In an opinion piece for the The Times, 29/09/14, Richard Harman, Chairman of HMC and Headmaster of Uppingham School argues it is time to stop scapegoating independent schools — to stop using them as lazy shorthand for the social ills of our country and to move beyond resentment.
It is time to stop scapegoating independent schools — to stop using them as lazy shorthand for the social ills of our country and to move beyond resentment.
One reason Britain has some of the best schools in the world is our insistence on a liberal, holistic education for children; we are not interested in narrow, sterile performance measures. Yet our pupils go on to do well in university entrance and progress to stimulating, challenging jobs — even becoming members of the cabinet. Michael Gove did, after all, despite his dismay at the company in which he found himself. We are a crucial academic resource, educating young people who take full advantage of academic opportunities and give back to society and the economy throughout their working lives.
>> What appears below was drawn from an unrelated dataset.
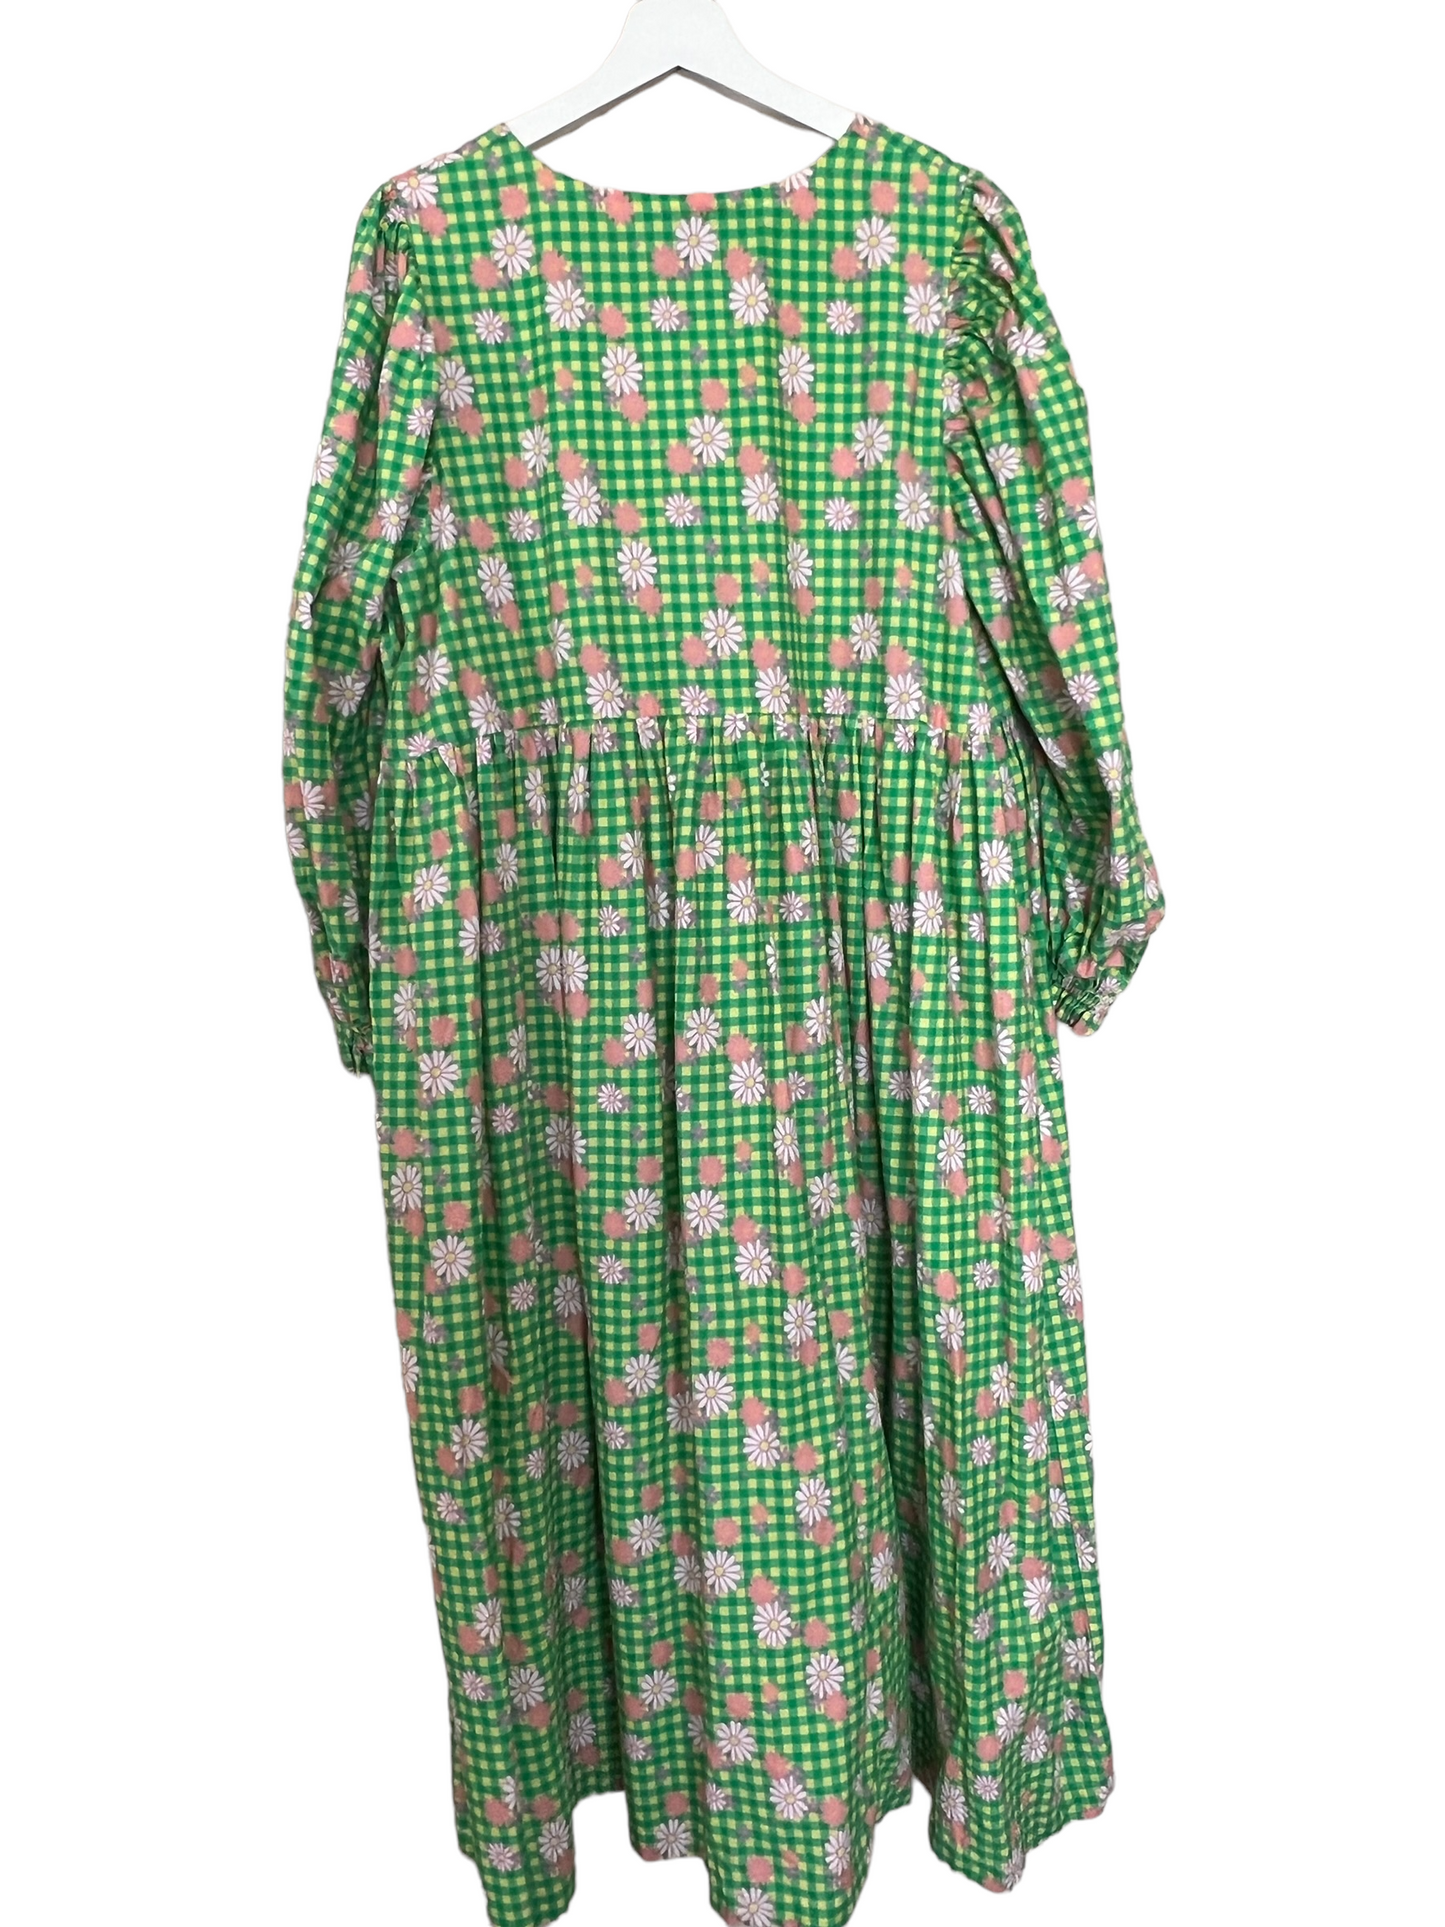 Lime Green Floral Plaid Floral Vintage Inspired Mumu Mothball Dress

Contrary to idle stereotypes, we are not all cut from one kind of cloth. British independent schools are now more ethnically diverse than their state-maintained counterparts. That may come as a surprise. What also marks us out is that we are genuinely independent and not a drain on the public purse. We provide one job in every 100 across the country.
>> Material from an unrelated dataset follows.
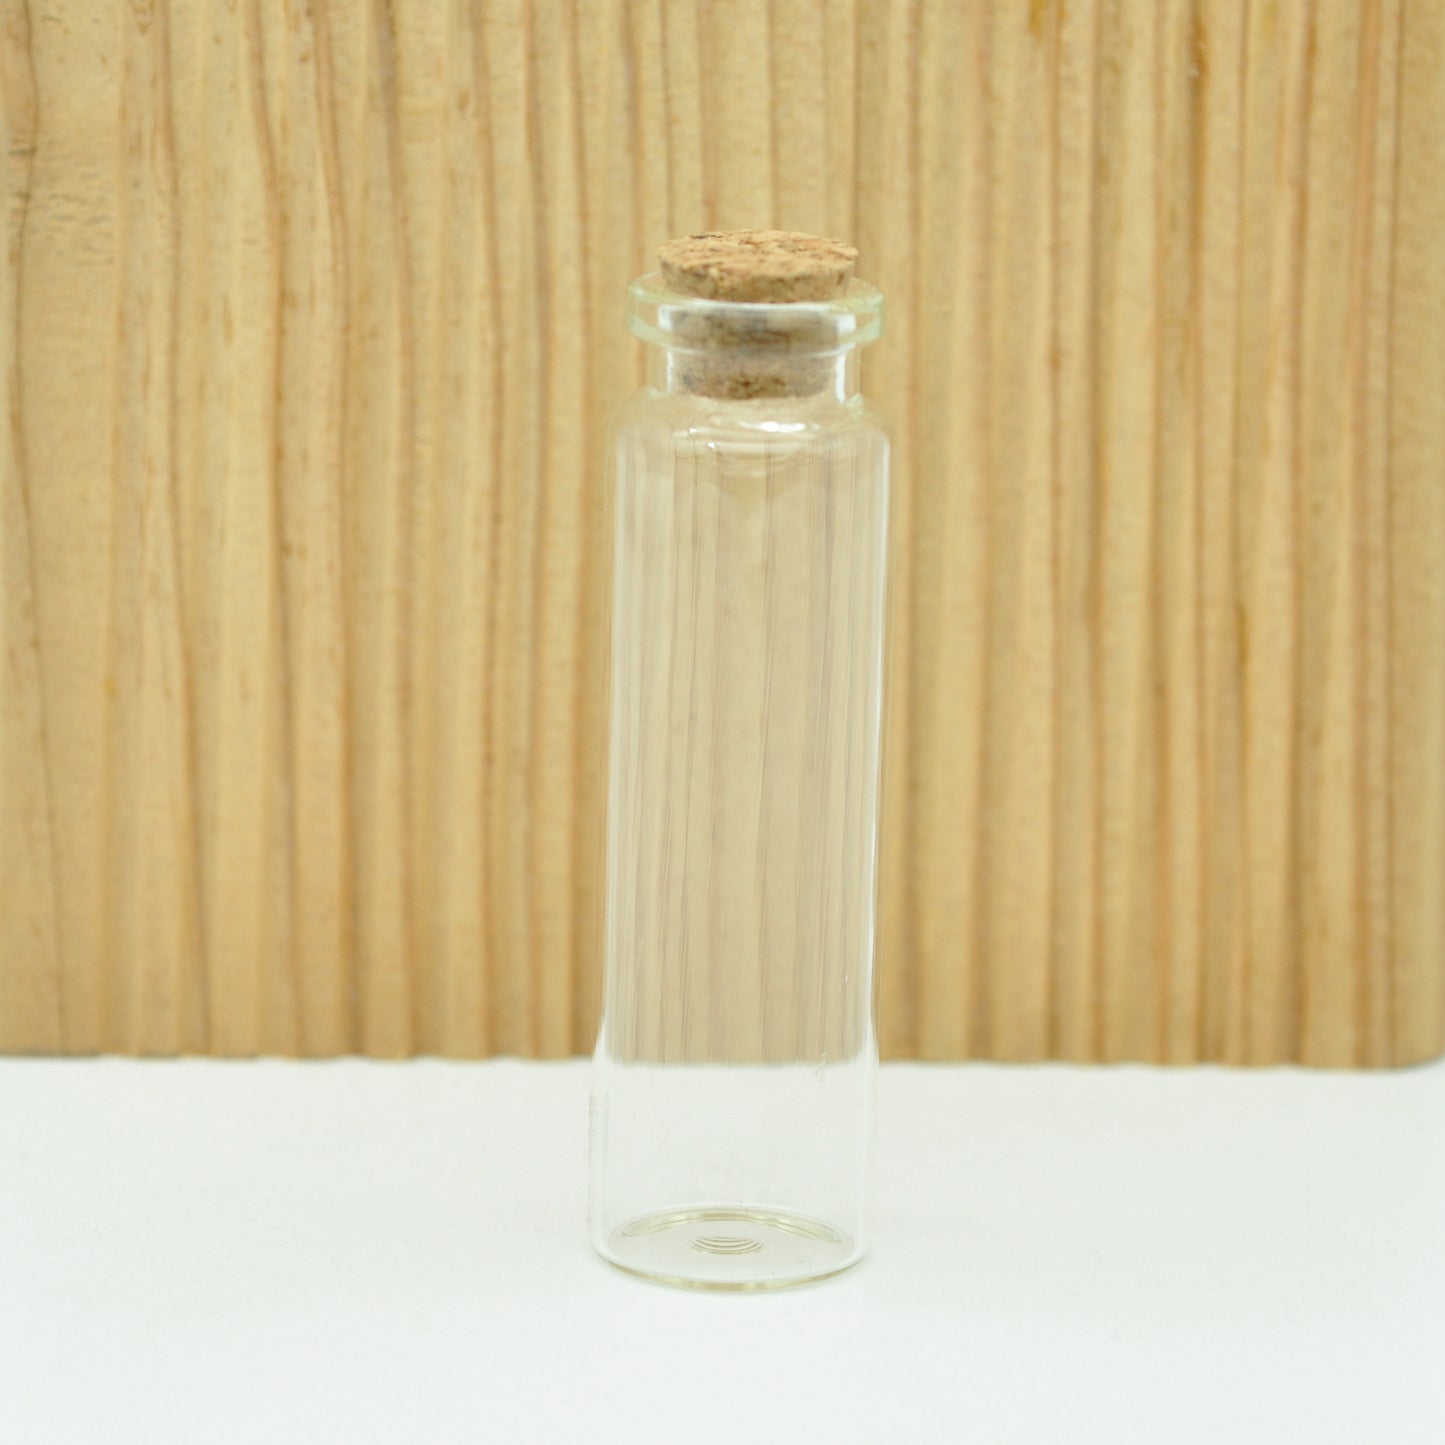 Bottle with cork for storage / gift idea / jar

As for social mobility, independent schools are part of the solution, not the root of the problem. We are not a laboratory for social engineering. Attacking the excellence of the education we provide will not help solve society’s ills. Education is part of the answer, but economic, family and social policy matter too. Making the type of school you attend a proxy for advantage, as Alan Milburn regularly does, just won’t cut it. The Headmasters’ and Headmistresses’ Conference (HMC) schools provide £365 million annually in financial support to their pupils — a million pounds a day and rising. Sir Michael Wilshaw sneeringly described this as “crumbs” from the rich man’s table.
Many who attack the independent sector have themselves benefited from it. Many do not like to admit they send their children to our schools. Too often, those in power are embarrassed to be seen to be talking to us. They prefer publicly to threaten us with loss of charitable status or more state control instead of recognising that we can help to solve their concerns.
So I appeal to policymakers to change their tone. We demonstrate excellence, we make a positive difference and we care.